### INFORMATION SUPPLIED ###

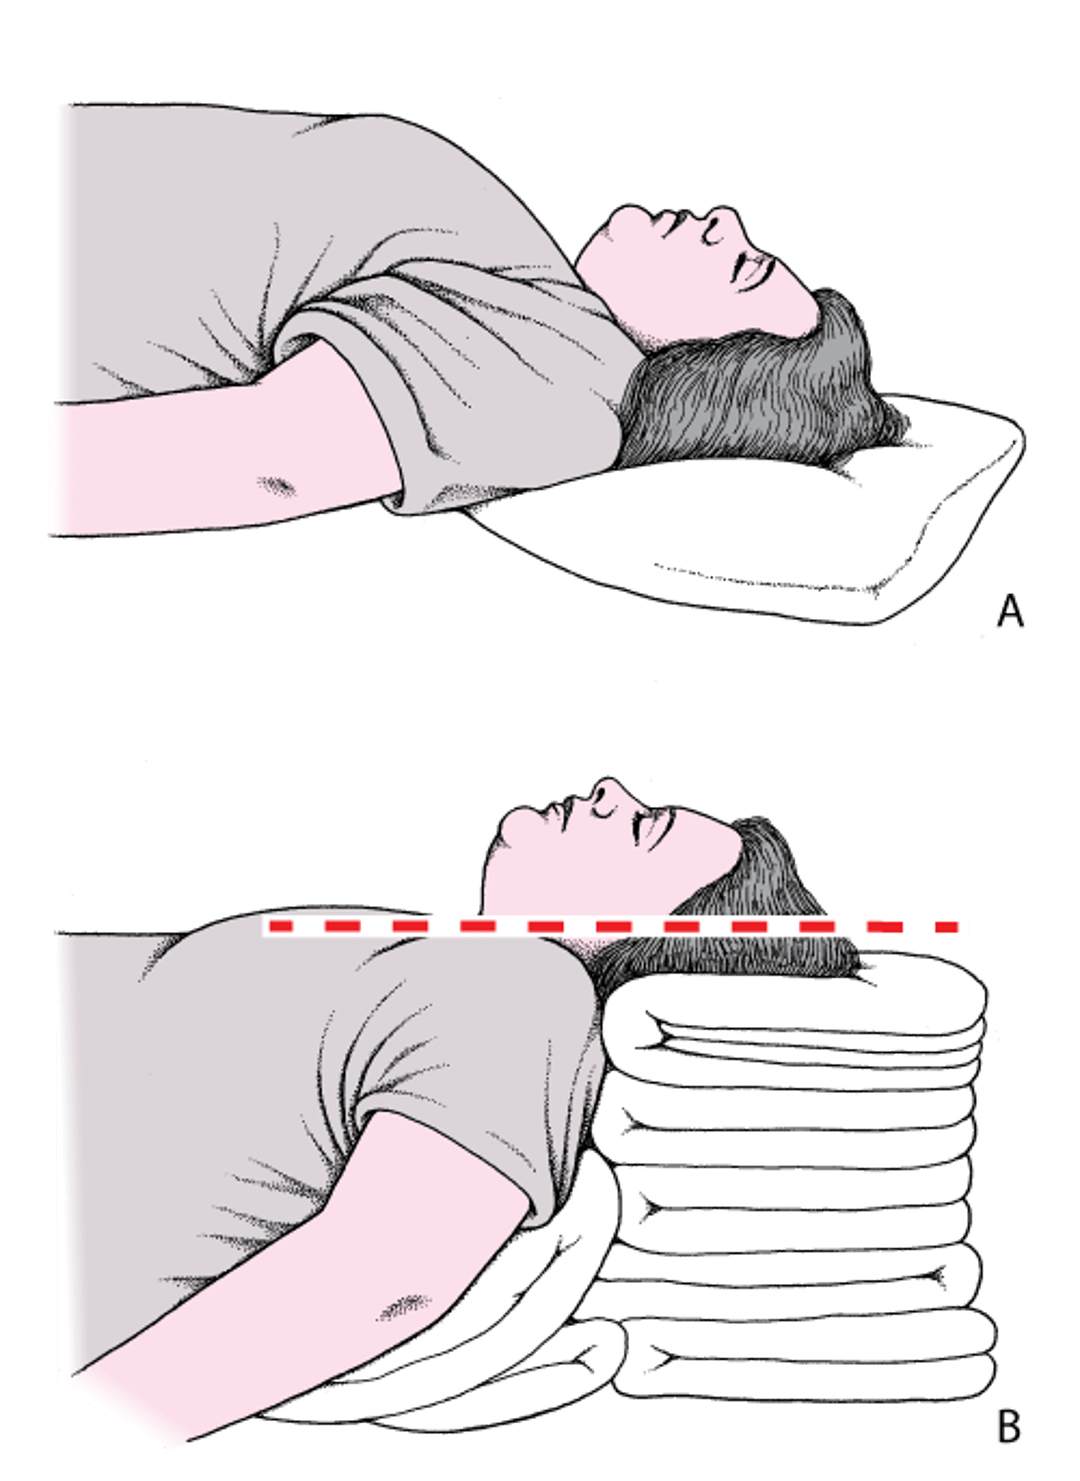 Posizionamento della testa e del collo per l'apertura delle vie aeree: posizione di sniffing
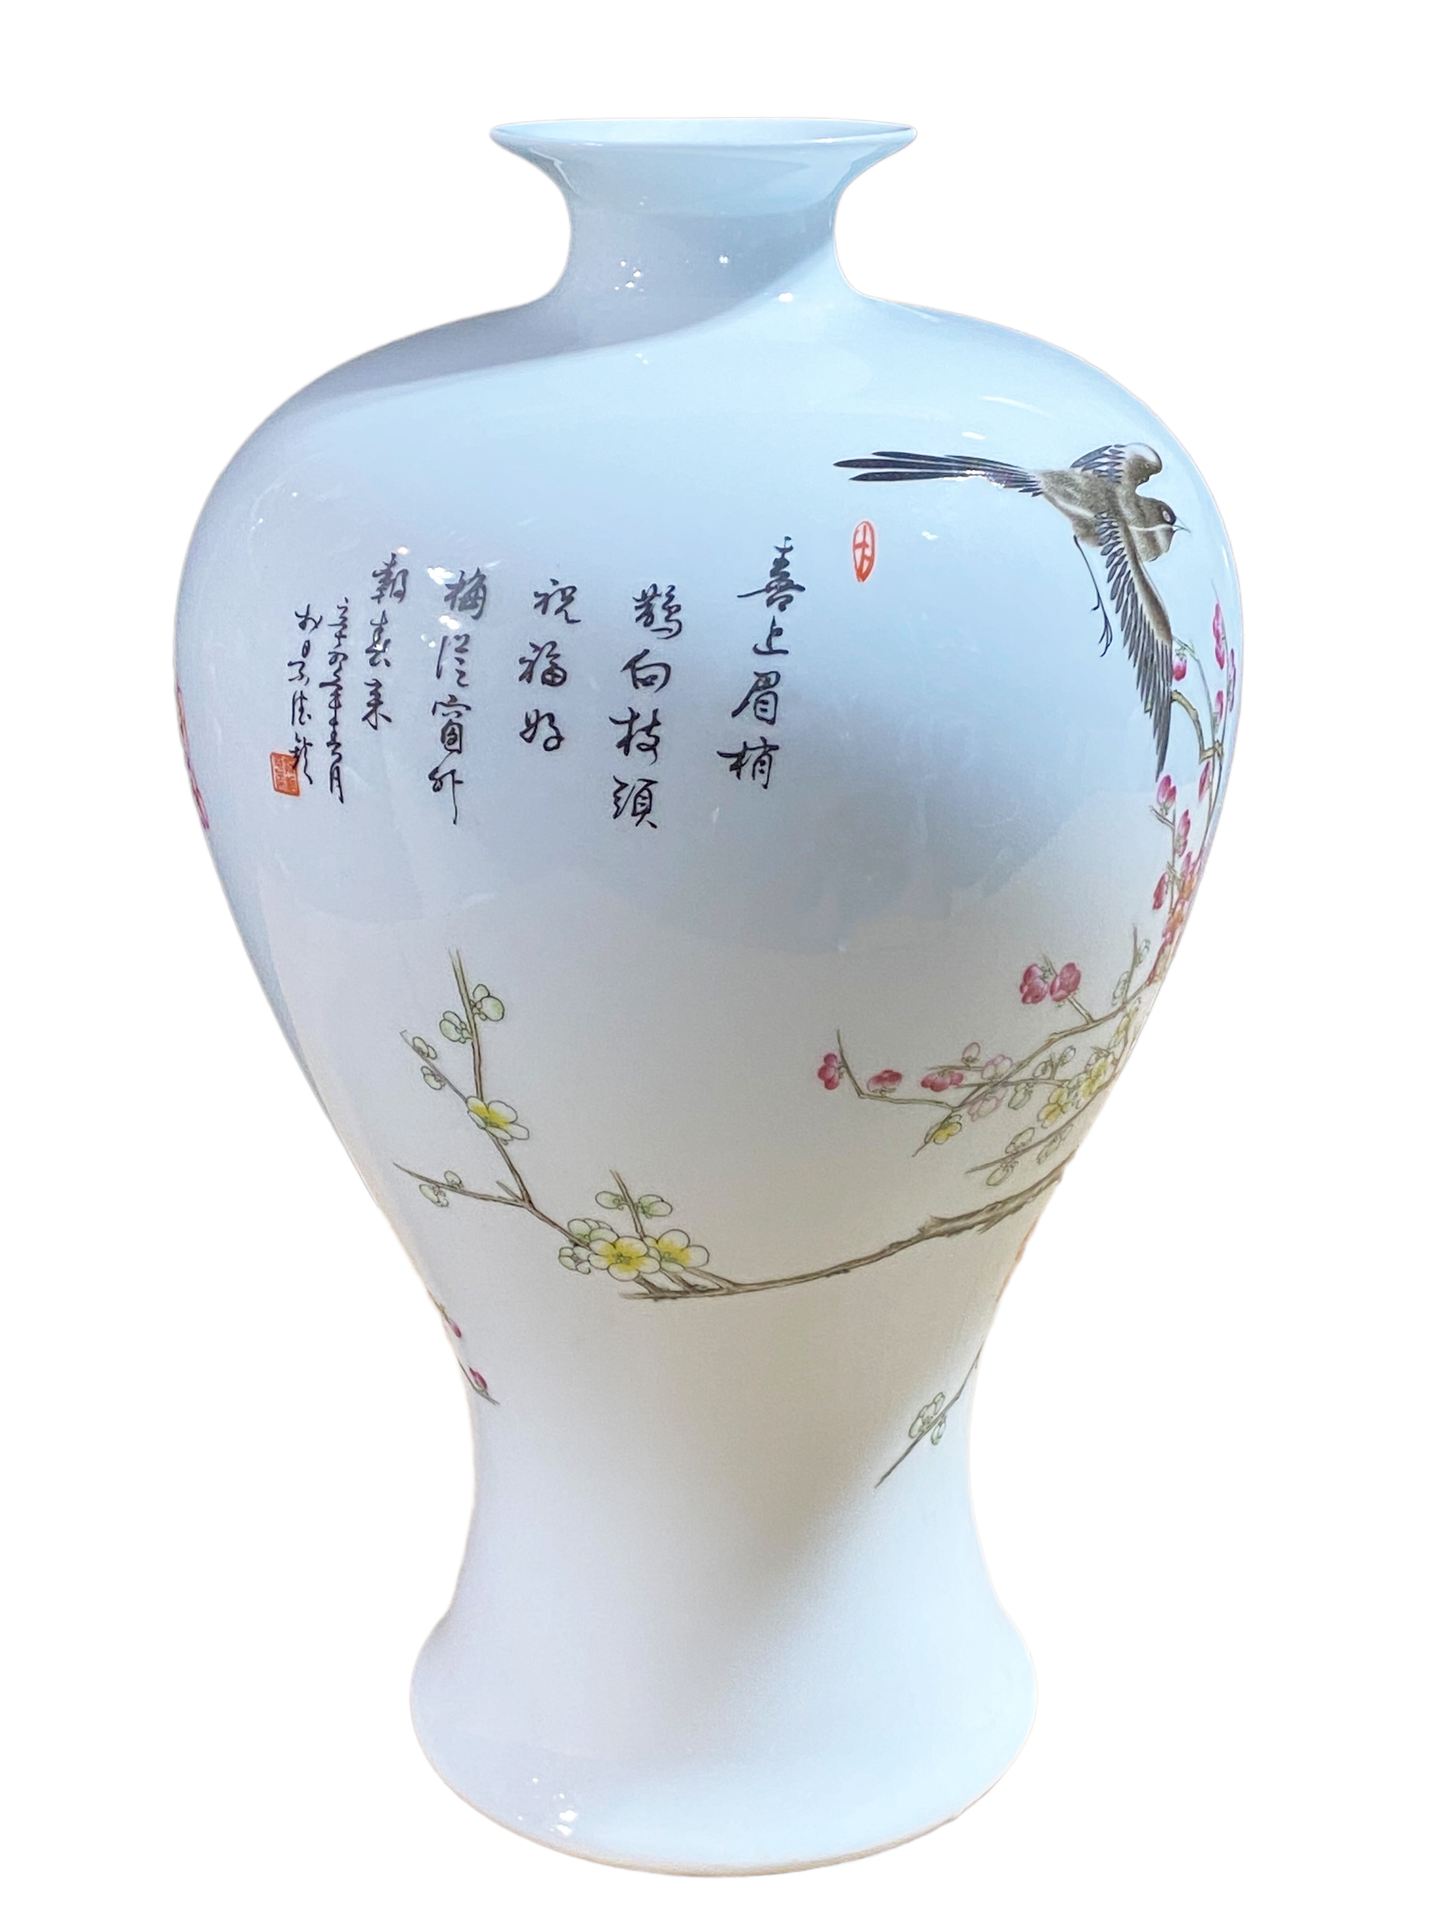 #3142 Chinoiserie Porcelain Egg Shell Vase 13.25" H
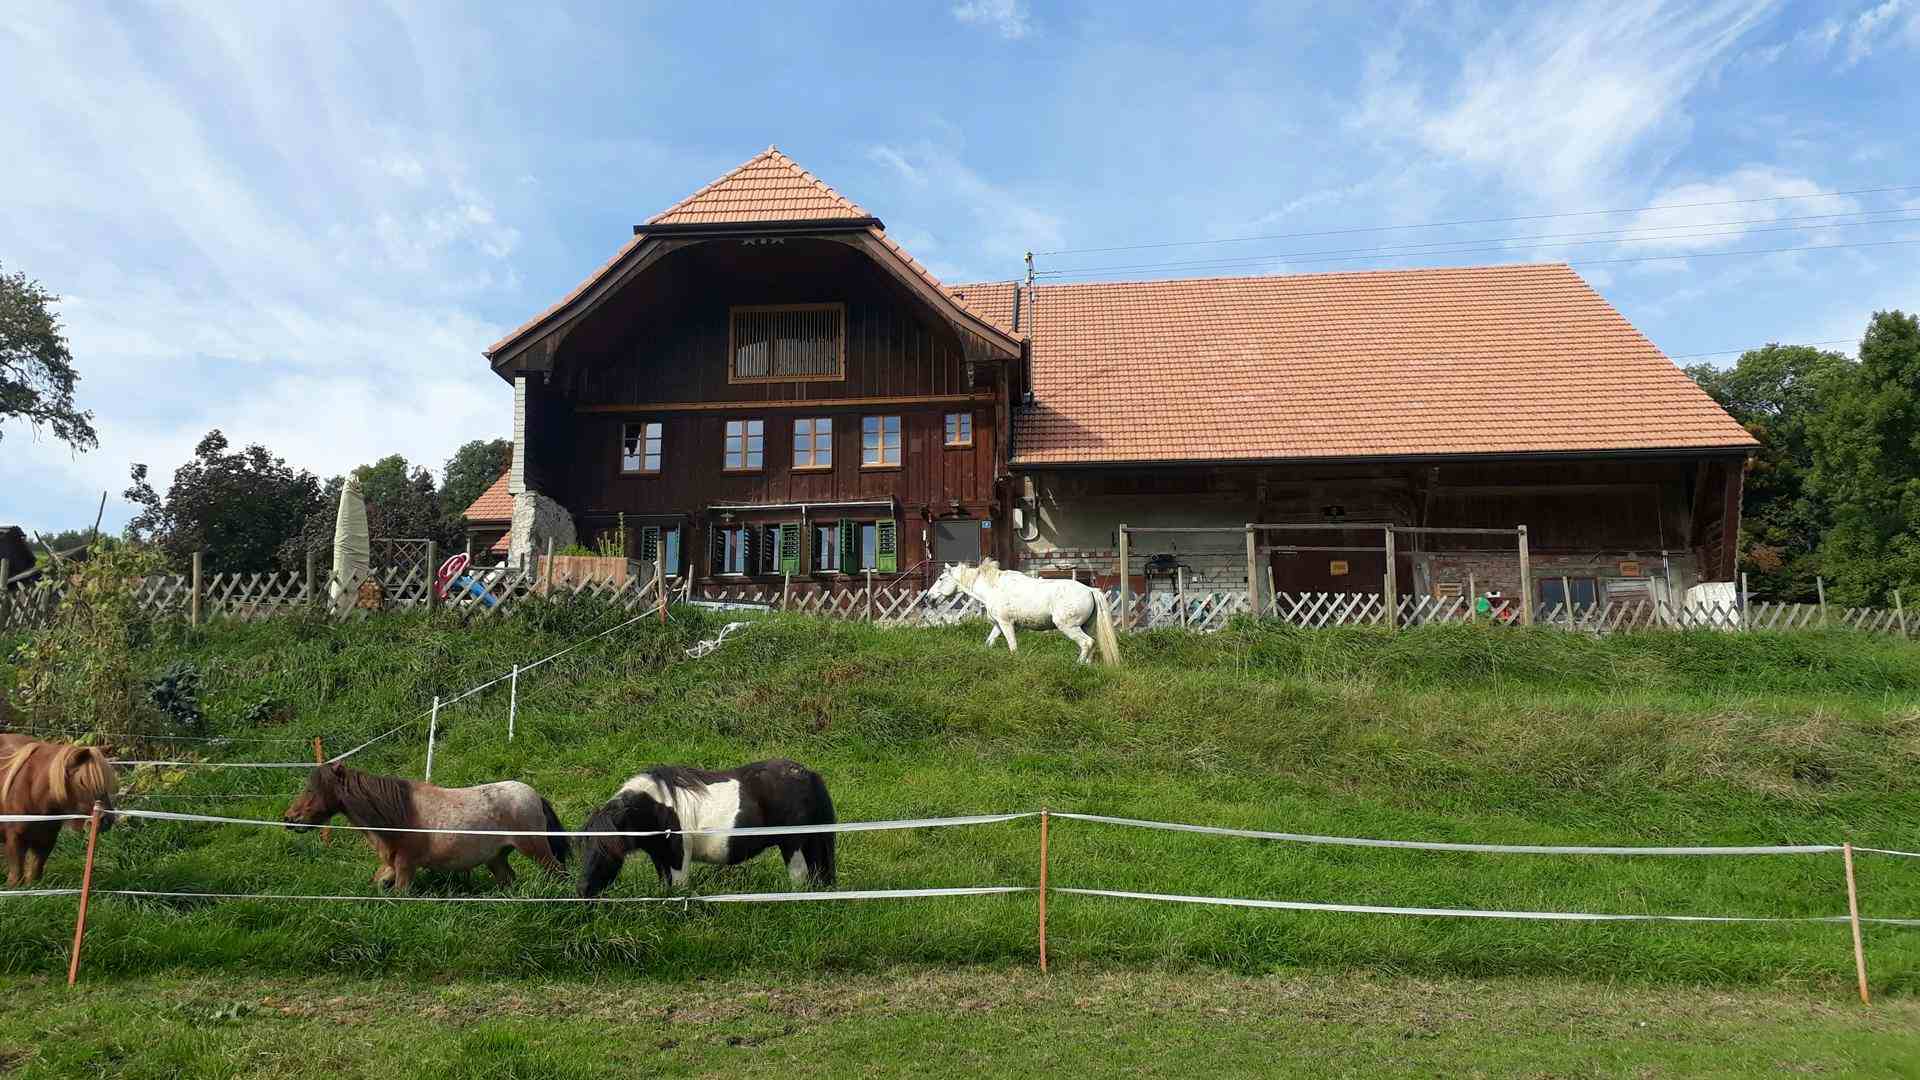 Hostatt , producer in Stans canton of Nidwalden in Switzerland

###

The answer should contain only the lines from the one with "#3142 Chinoiserie Porcelain" through the last line of the material, given word for word and without pictures.

 #3142 Chinoiserie Porcelain Egg Shell Vase 13.25" H
 Hostatt , producer in Stans canton of Nidwalden in Switzerland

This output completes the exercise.